** Task item **
Transcribe this listing exactly; omit the pictures.

** Dataset content **

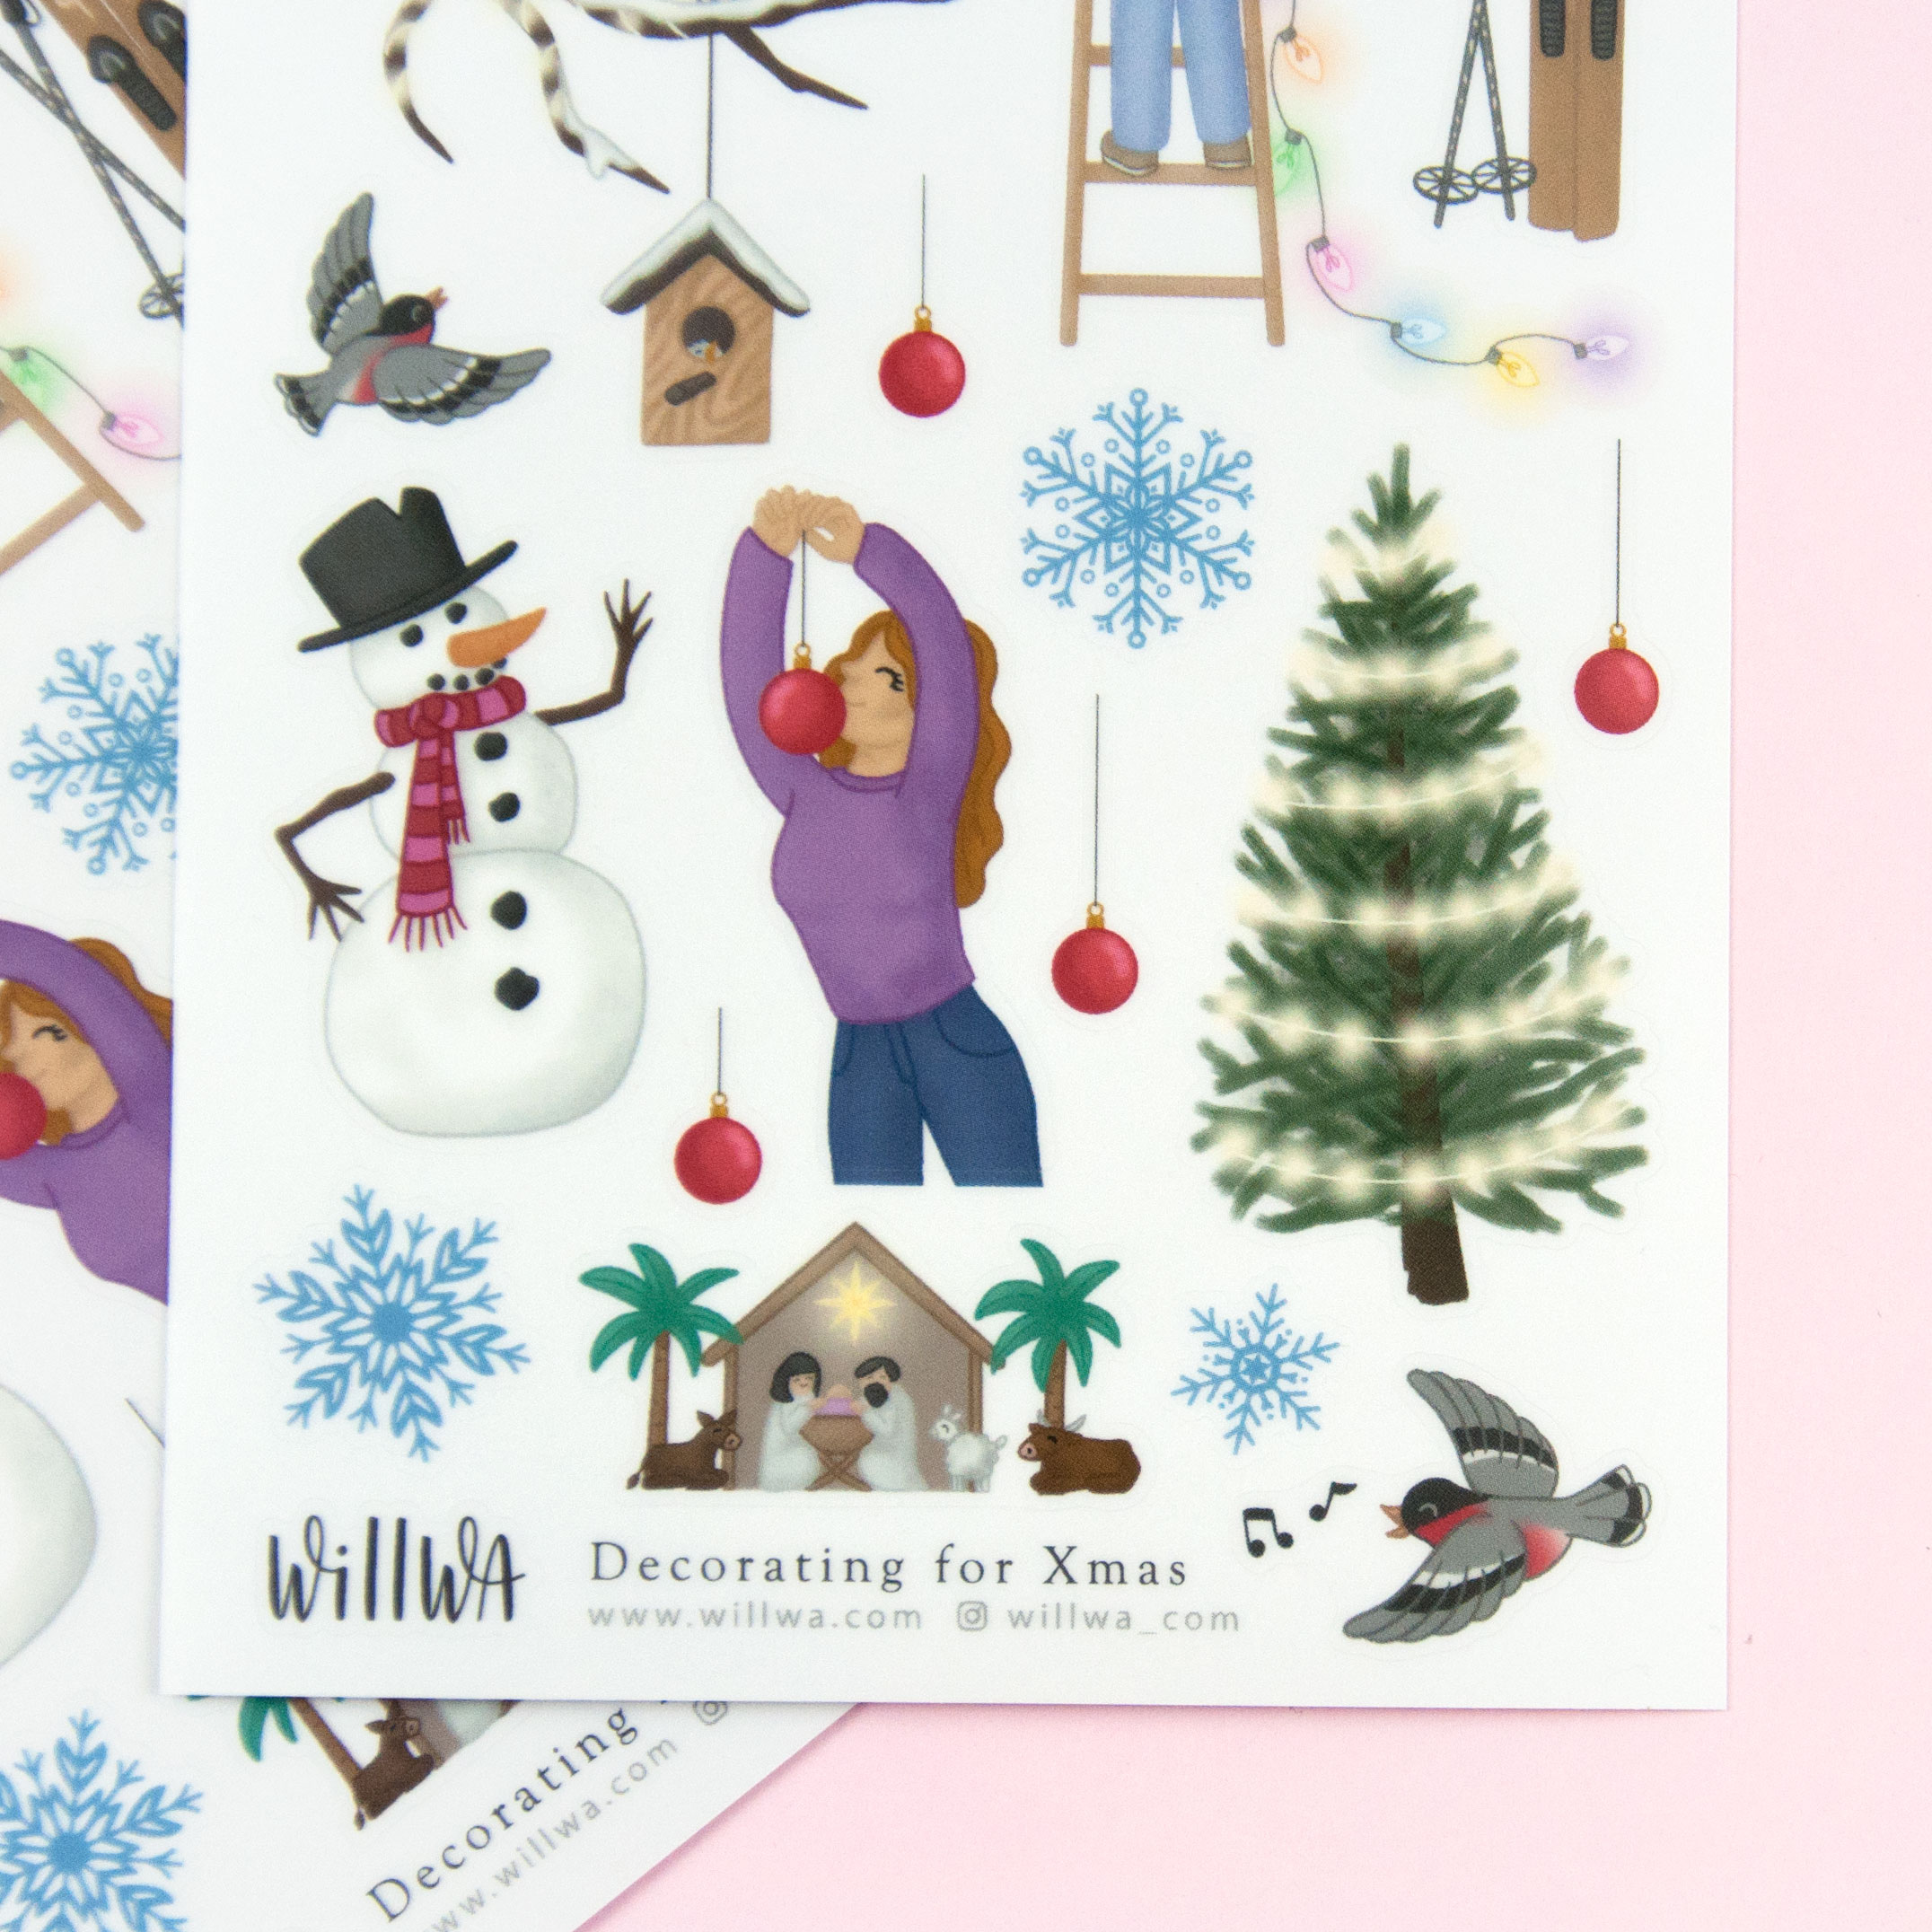 Decorating for Xmas Sticker Sheet - Design by Willwa
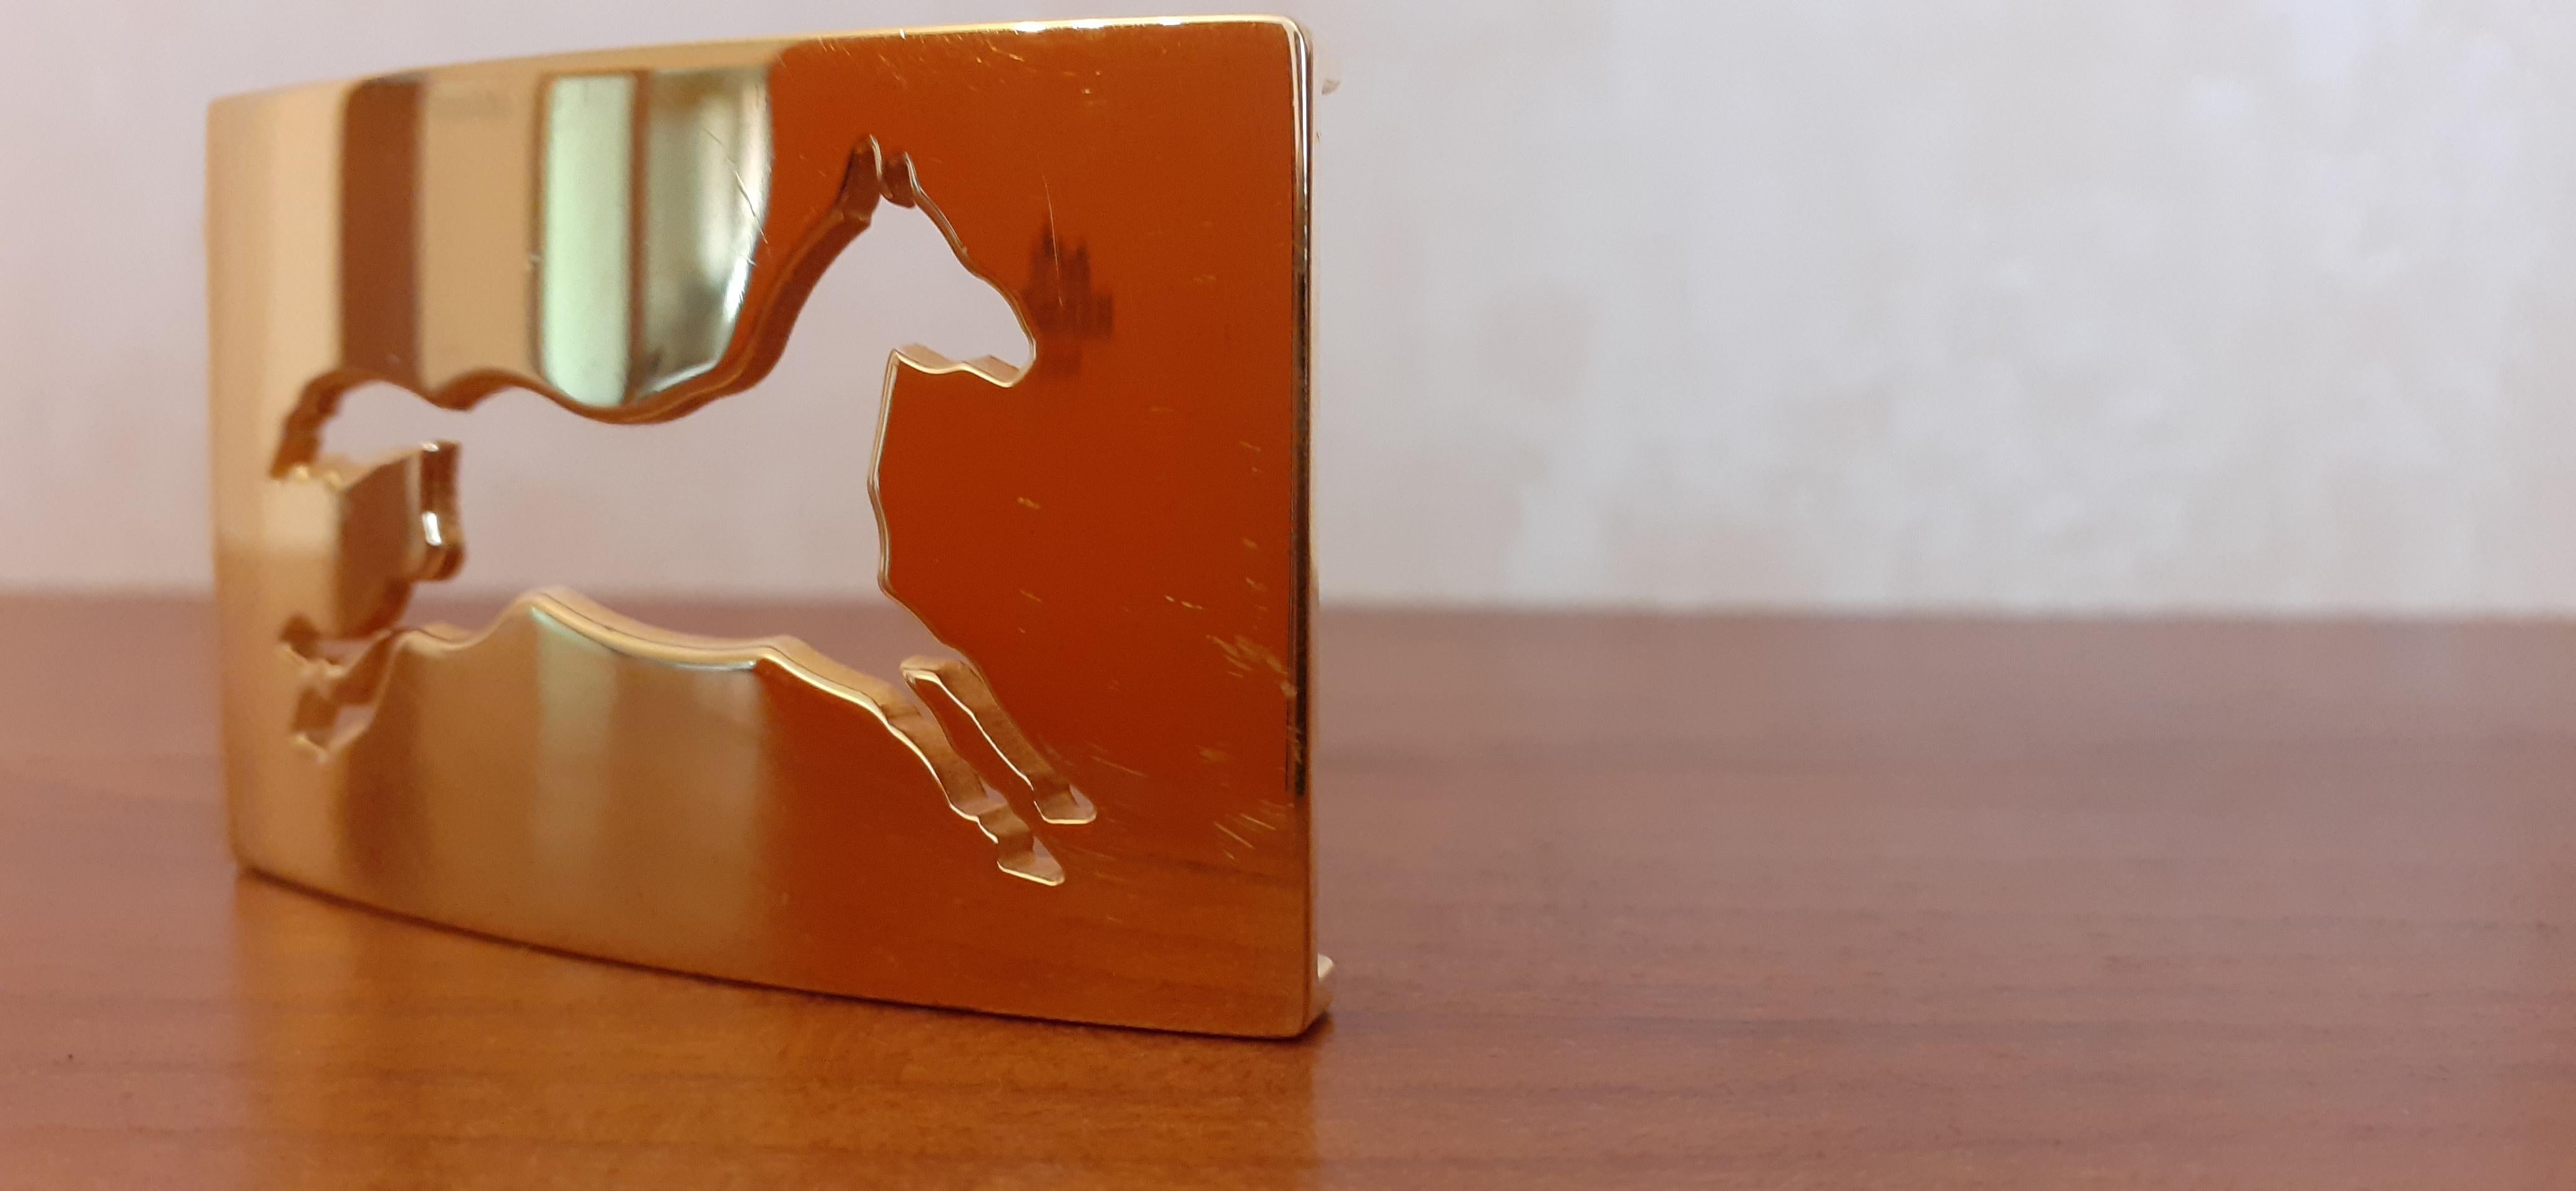 Exceptional Hermès Belt Buckle Horse Shaped in Gold for 32 mm Belt Texas 11
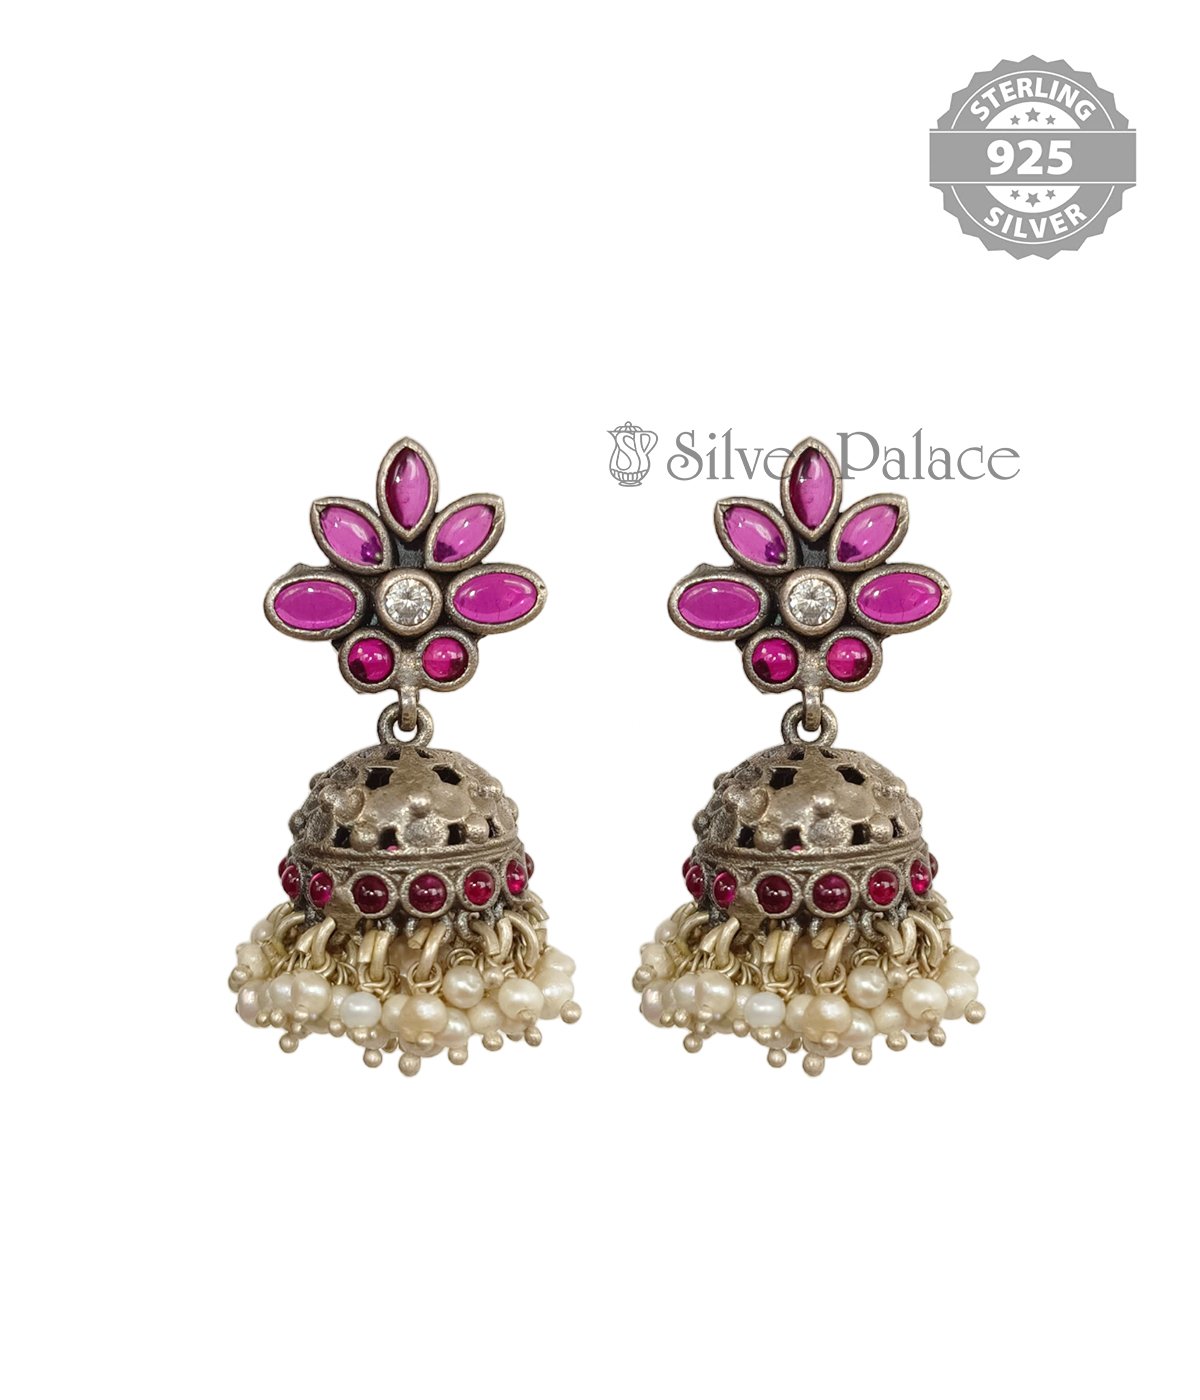 92.5 STERLING SILVER PINK STONE FLORAL JHUMKAS FOR KIDS

** Problem solution **
 Decorating for Xmas Sticker Sheet - Design by Willwa
 Exceptional Hermès Belt Buckle Horse Shaped in Gold for 32 mm Belt Texas 11
 92.5 STERLING SILVER PINK STONE FLORAL JHUMKAS FOR KIDS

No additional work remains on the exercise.